* **Problem requirements**: From the material below, return exactly the lines starting at the one that holds "shopstyle email" and ending at the one that holds "Sun loungers with". Pictures stay out of the answer.

* **Data records**:
========================================================================
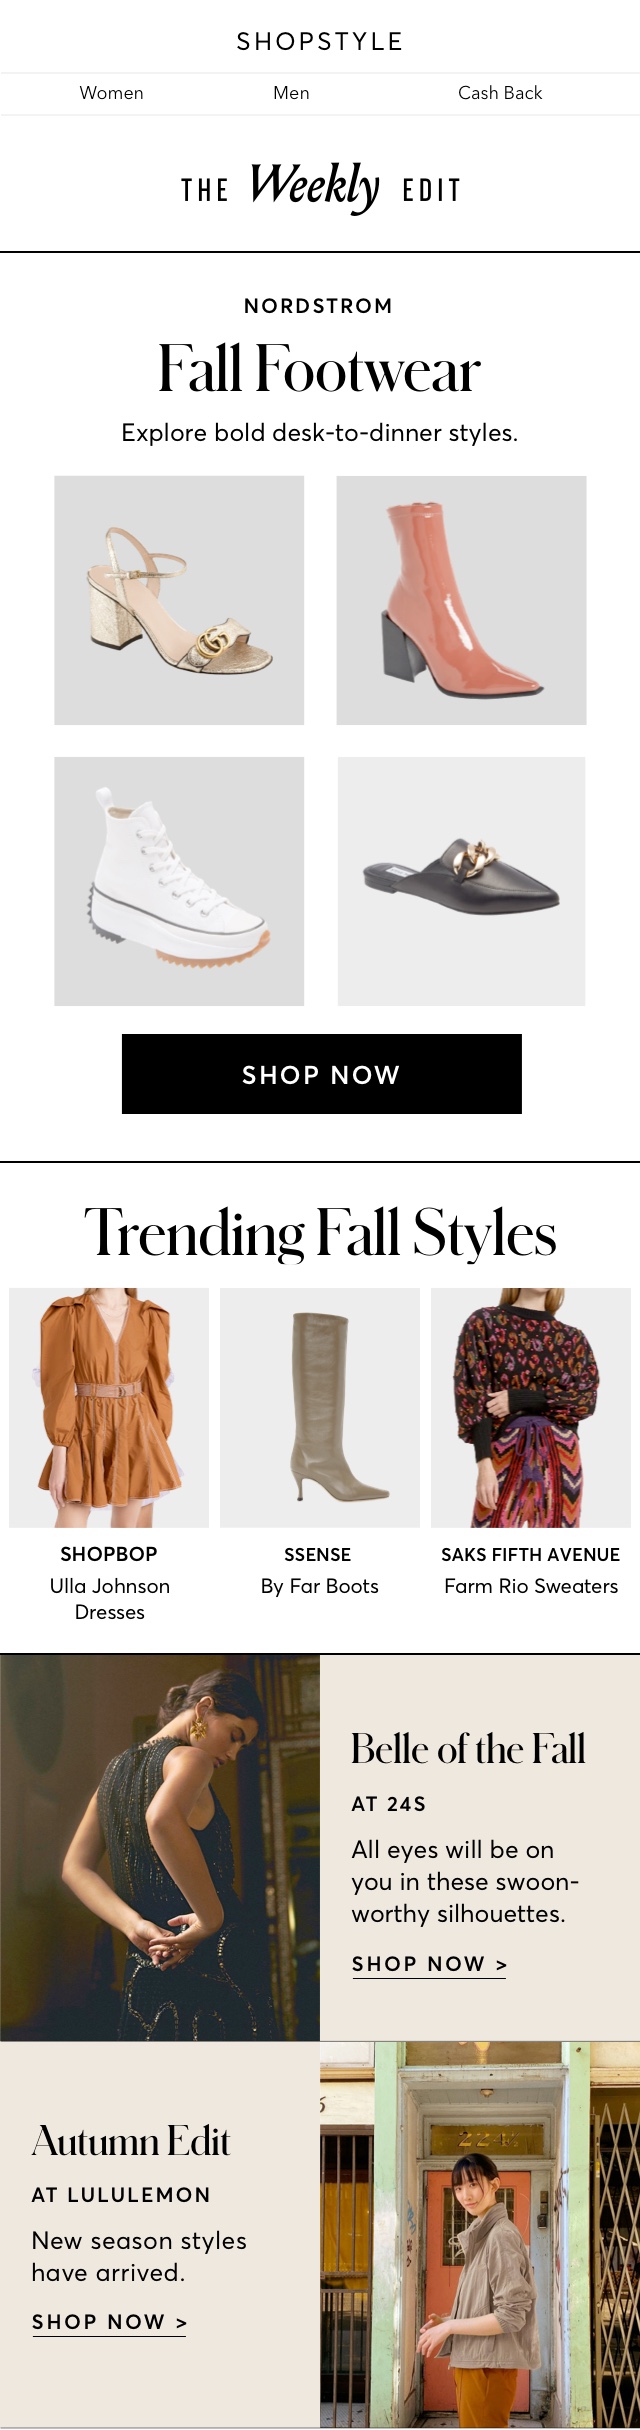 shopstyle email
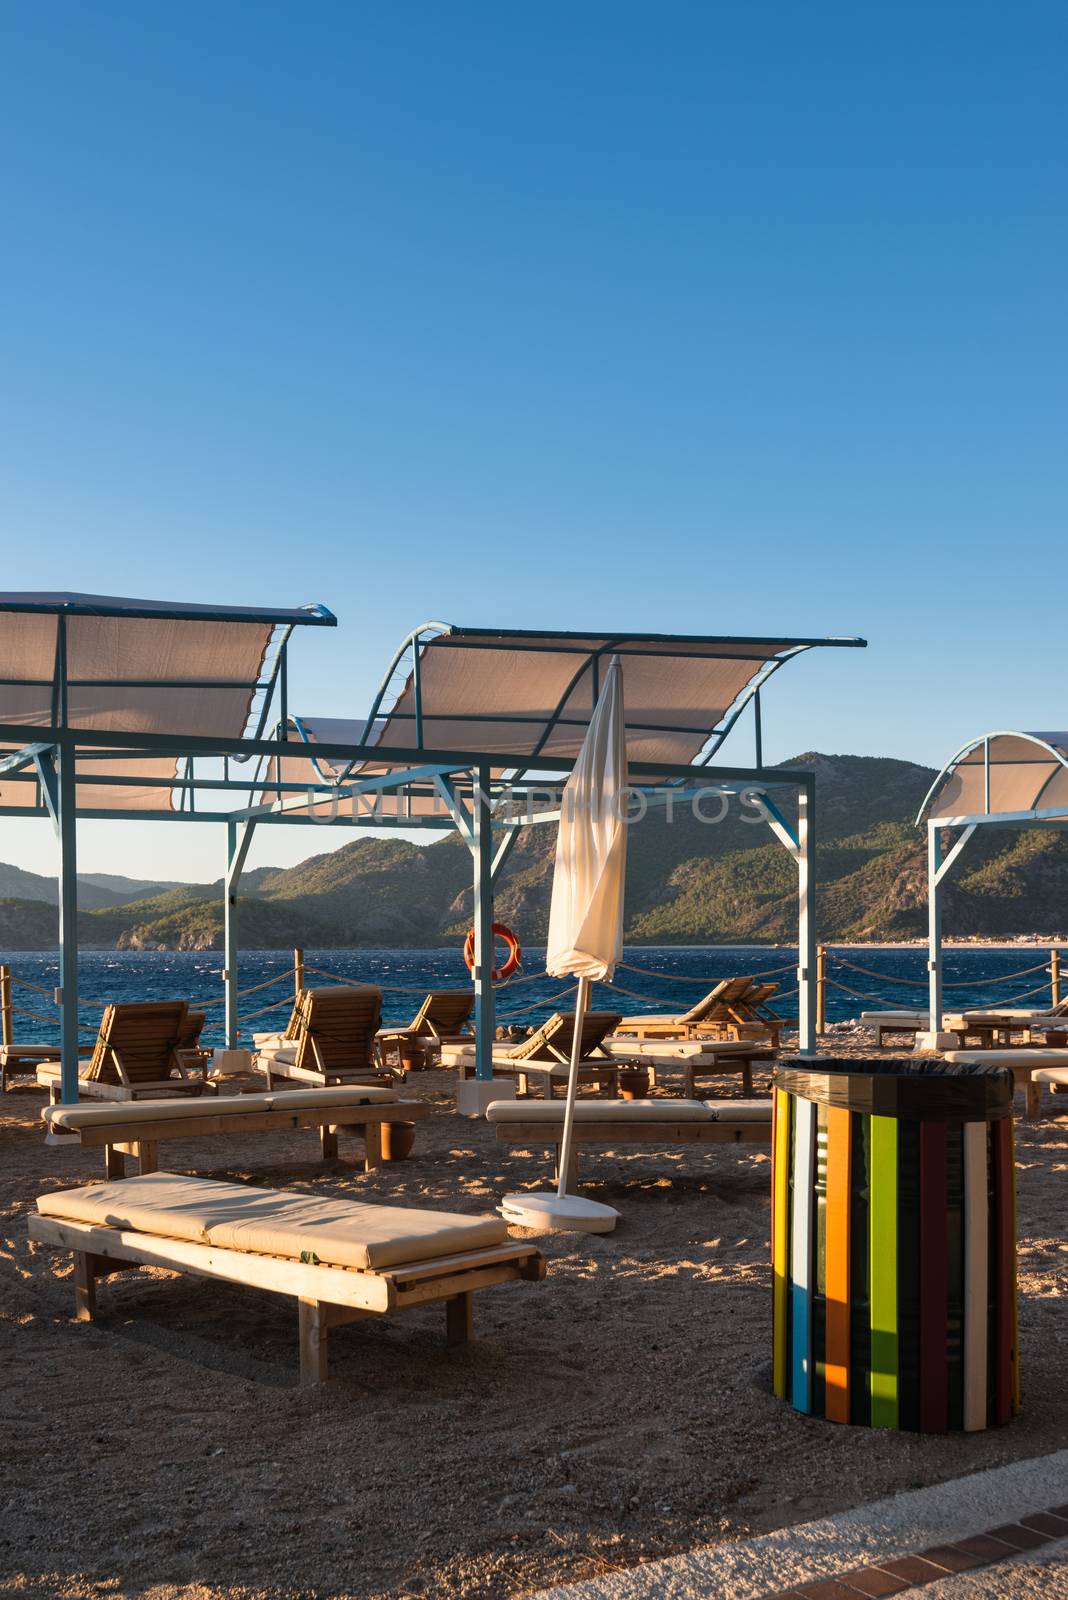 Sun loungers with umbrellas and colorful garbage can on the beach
========================================================================
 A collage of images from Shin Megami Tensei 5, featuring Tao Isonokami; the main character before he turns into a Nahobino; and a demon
========================================================================
* **Result**:
 shopstyle email
 Sun loungers with umbrellas and colorful garbage can on the beach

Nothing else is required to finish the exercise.